Violettglas einst und heute
     
  Der Umstand von Veredlung und heilungsfördernden Eigenschaften des violett gefärbten Glases muss allen großen Kulturen bekannt gewesen sein. Wo es um Konservierung, um edle Salben, Öle und Heilmittel ging, wurde ausschließlich mit violetten oder goldenen Behältern gearbeitet.
  Eine neue Dimension bekam die dunkelviolette Glasfarbe durch den Lehrer, Musiker und Charismatiker, Jakob Lorber (Graz 1800 - 1864). Lorber beschreibt in seinem Buch "Heilkraft des Sonnenlichts" weshalb Feinstoffmedizin nur und ausschließlich im violetten Energiebereich (300 nm!) erhalten werden kann.  
  Nach seiner Auffassung und Untersuchung können in diesen Gläsern Heilmittel Jahrzehnte (!) nicht nur belebt, sondern zusätzlich veredelt werden.

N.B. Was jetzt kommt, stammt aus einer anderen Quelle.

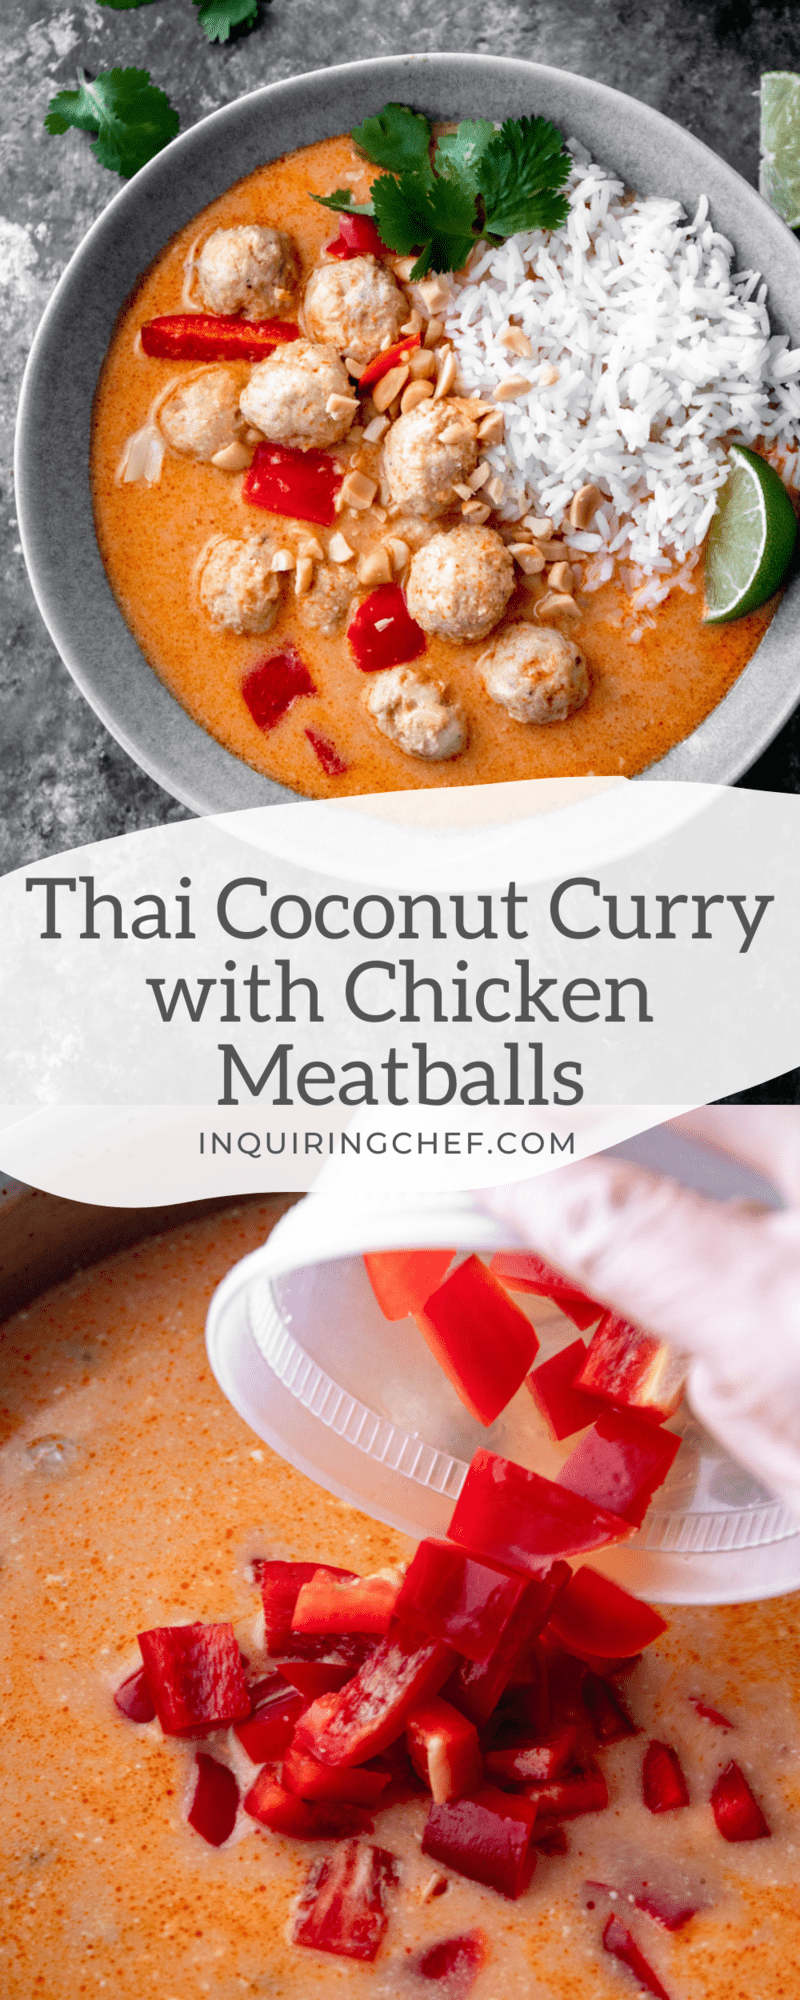 thai coconut curry with meatballs
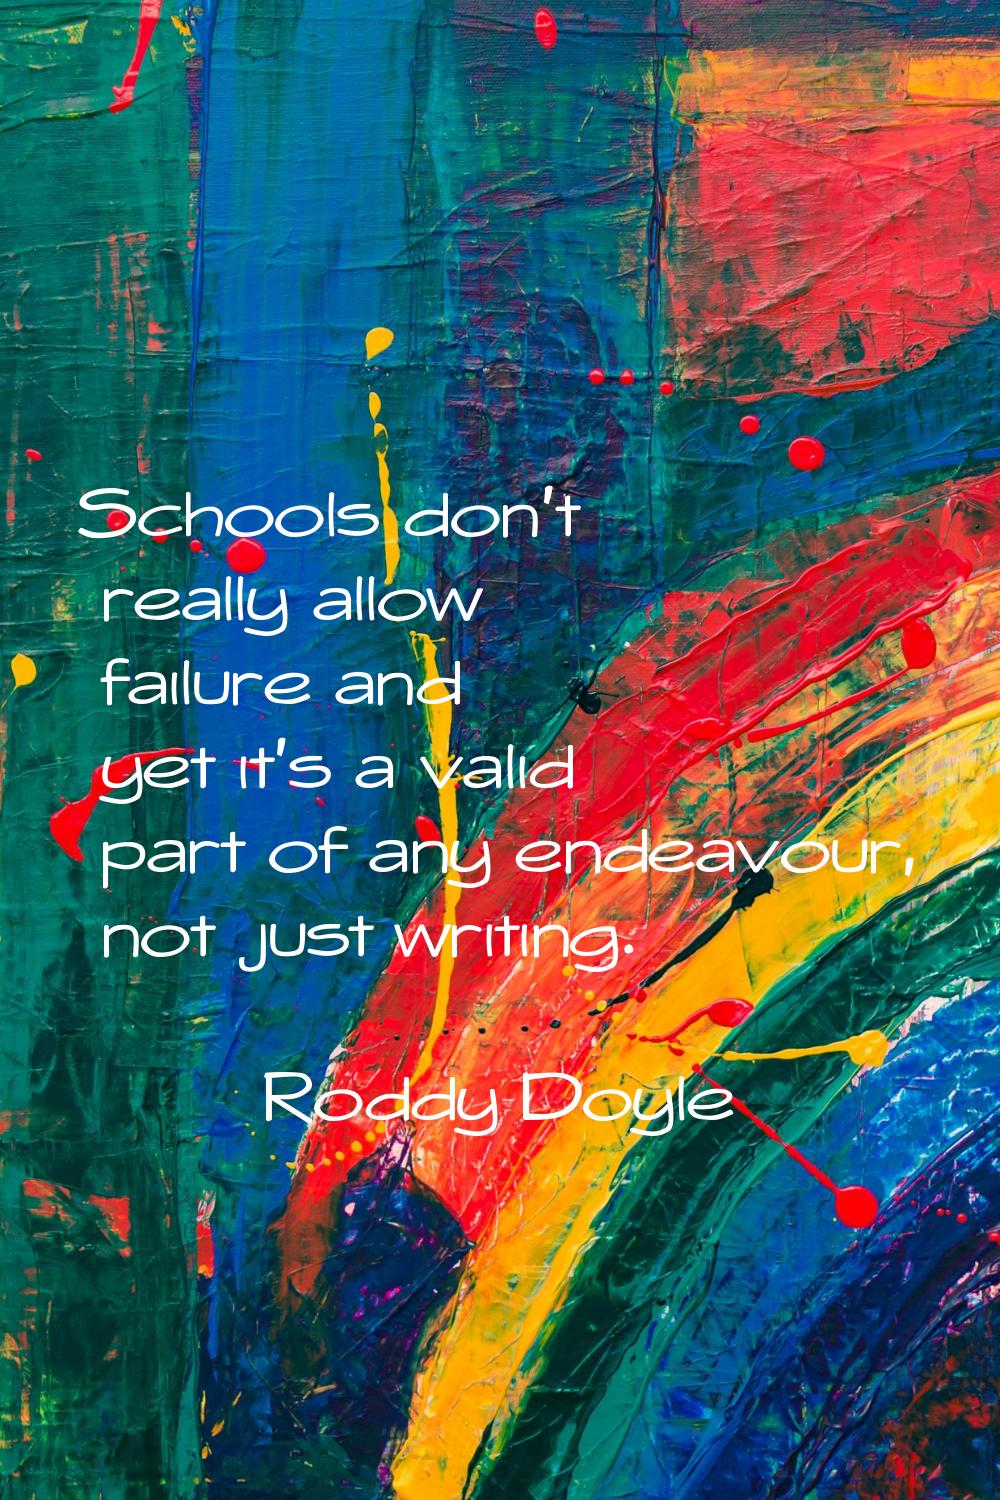 Schools don't really allow failure and yet it's a valid part of any endeavour, not just writing.

Versuche in den letzten Jahren in dieser Hinsicht bestätigen diese These. Zum Beispiel wurden in dunkelvioletten Glasflaschen über 3 Jahre lang normales Leitungswasser problemlos frisch erhalten.
  Dies ohne Konservierung oder sonstige Techniken! Heliopathische Mittel, die 1933 besonnt und hergestellt wurden und vor 4 Jahren in einem Lager aufgefunden wurden, haben an Wirkungskraft nichts eingebüßt.
 

Seit einem Jahrzehnt, vor allem durch den deutschen Biophotonenforscher Professor Albert Popp und den englischen Biologen Dr. Rupert Sheldrake und zahlreiche Physiker der optischen Technik, wissen wir, dass zwischen gewissen sicht- und unsichtbaren Bereichen des Strahlenspektrums und der Bioenergiekonservierung ein direkter Zusammenhang besteht.

 
 

Die Wissenschaft

 
 

Anhand der beiden von Physiker Dr. JAKOB JÜTZ gemessenen spektralen Transmissionskurven, ist der Vorteil von unserem speziellen Violettglas (5 mm Wanddichte) gegenüber dem industrieüblichen Braunglas (5 mm Wanddichte) klar erkennbar. Nur im Bereich des sichtbaren Dunkelrots (730 - 1050 Nanometer) ist beim Violettglas eine 42,5%ige gewünschte Wärmedurchlässigkeit festzustellen. In allen anderen Bereichen kann man von einer optimalen Nulllösung ausgehen. Da der spektrale Violettbereich der energieaktivste Teil darstellt, kann man gemäß dem Biophotonenforscher, Dr. Hugo Niggli davon ausgehen, dass diese violette "Lebensstrahlung" die Molekularstruktur einer Substanz permanent belebt und energetisiert. Beim heute verwendeten Braunglas dagegen ist von 500 - 4500 Nanometer eine durchgehende Strahlungsdurchlässigkeit von 25 - 40% feststellbar.